Govt may peg fiscal deficit at around 5.8% of GDP in FY24
NEW DELHI: Despite spending pressures and an expected growth slowdown, the Union government may stick to its fiscal glide path and target a fiscal deficit of 5.7-5.8% of gross domestic product for FY24, an official aware of the matter said. Lower subsidy outgo and ending the free foodgrain scheme may help the government in this respect, as it aims to cut the deficit to 4.5% by FY26. However, a final decision on the FY24 deficit target will be taken at the highest levels closer to the budget.
A fiscal deficit arises when a government spends more than its revenues.
However, even though spending in FY23 is likely to be higher than initially expected, the government is confident of meeting the FY23 fiscal deficit target of 6.4% by cutting avoidable spending and high nominal GDP. Growth in nominal GDP— the denominator for the fiscal deficit ratio—is likely to be higher than the 11.1% estimated in the FY22 budget due to this year’s steep inflation. However, there may be some slippage in the absolute fiscal deficit number due to the rupee depreciation and reduction in excise duty.

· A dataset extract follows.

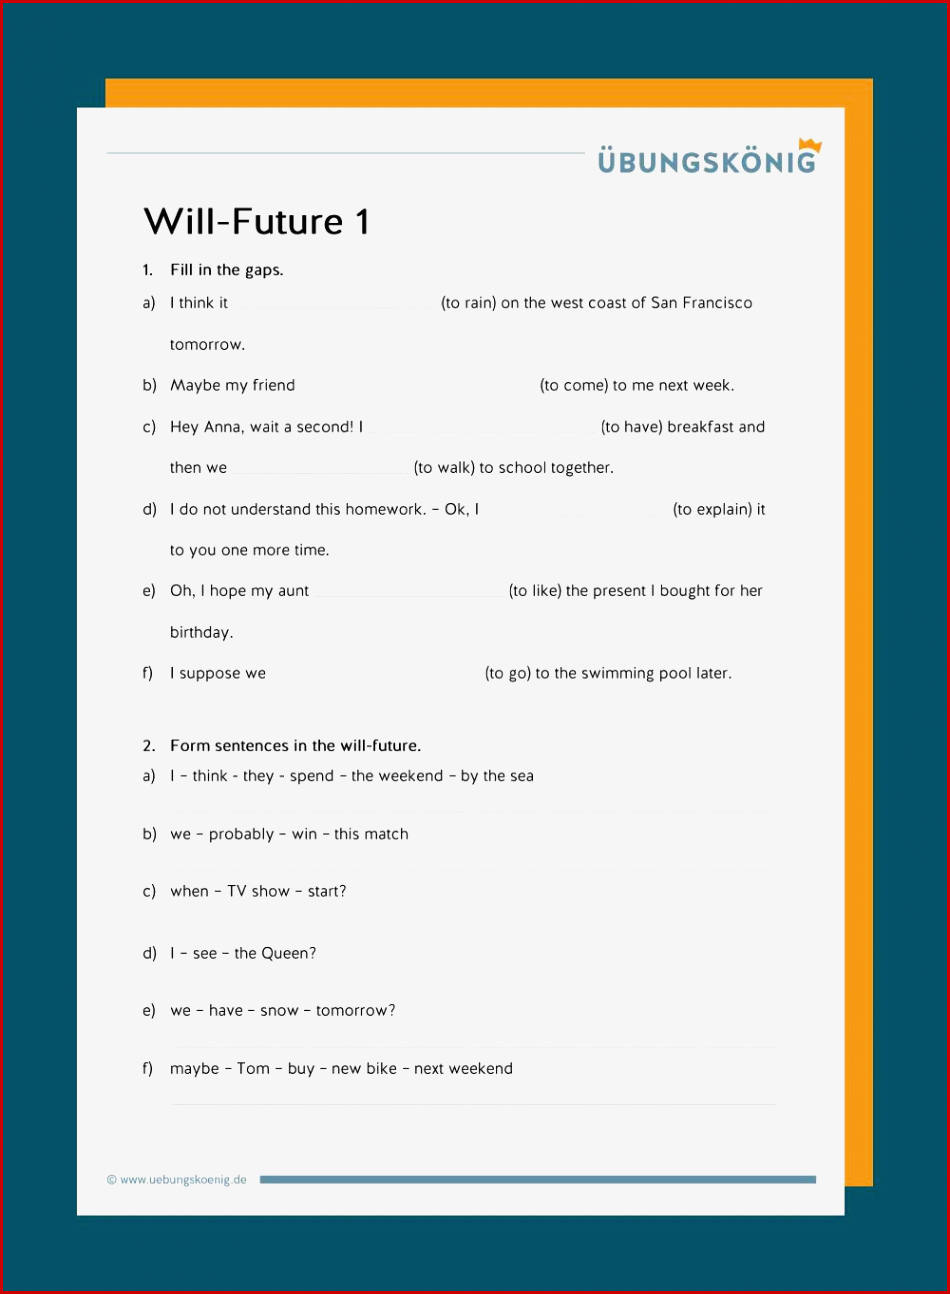 Will-future

“The government intends to try and stick to the glide path. We need to go from 6.4% to 4.5% of GDP in three years, so we could target a lower fiscal deficit by 0.6-0.7 percentage points in FY24. We may get some space as there may not be a free foodgrain scheme, and commodity prices for fertilizers may be lower. Overall, we remain committed to the fiscal glide path,” the person cited above said on the condition of anonymity.
After the fiscal deficit shot up to 9.3% in FY21 amid the covid-19 pandemic, Union finance minister Nirmala Sitharaman proposed a glide path in the
FY22 budget to trim it to 4.5% by FY26 to boost medium-term economic growth.
“We will have to curtail some revenue expenditure… the avoidable ones...but not capital expenditure. We will not cut anything from ₹7.5 trillion, as estimated in the budget. The execution, or the ability to absorb, is in the hands of various executing ministries,” the person said.
In this year’s budget, the government sharply increased its capital expenditure target to ₹7.5 trillion from ₹5.5 trillion the previous year, betting it will crowd in private investment and create jobs.
It has already sanctioned close to ₹55,000 crore of the ₹80,000 crore allocated to the states for various capital projects, of which ₹27,000 crore has already been disbursed. All states have taken the first instalment.
“We anticipate that a moderate fiscal correction would be attempted next year, with a fiscal deficit in the range of 5.5-6%, depending on factors such as the market-driven level of fertilizer subsidy and whether free foodgrain is provided in the coming first supplementary demand for grants,” said Aditi Nayar, chief economist, ICRA Ltd.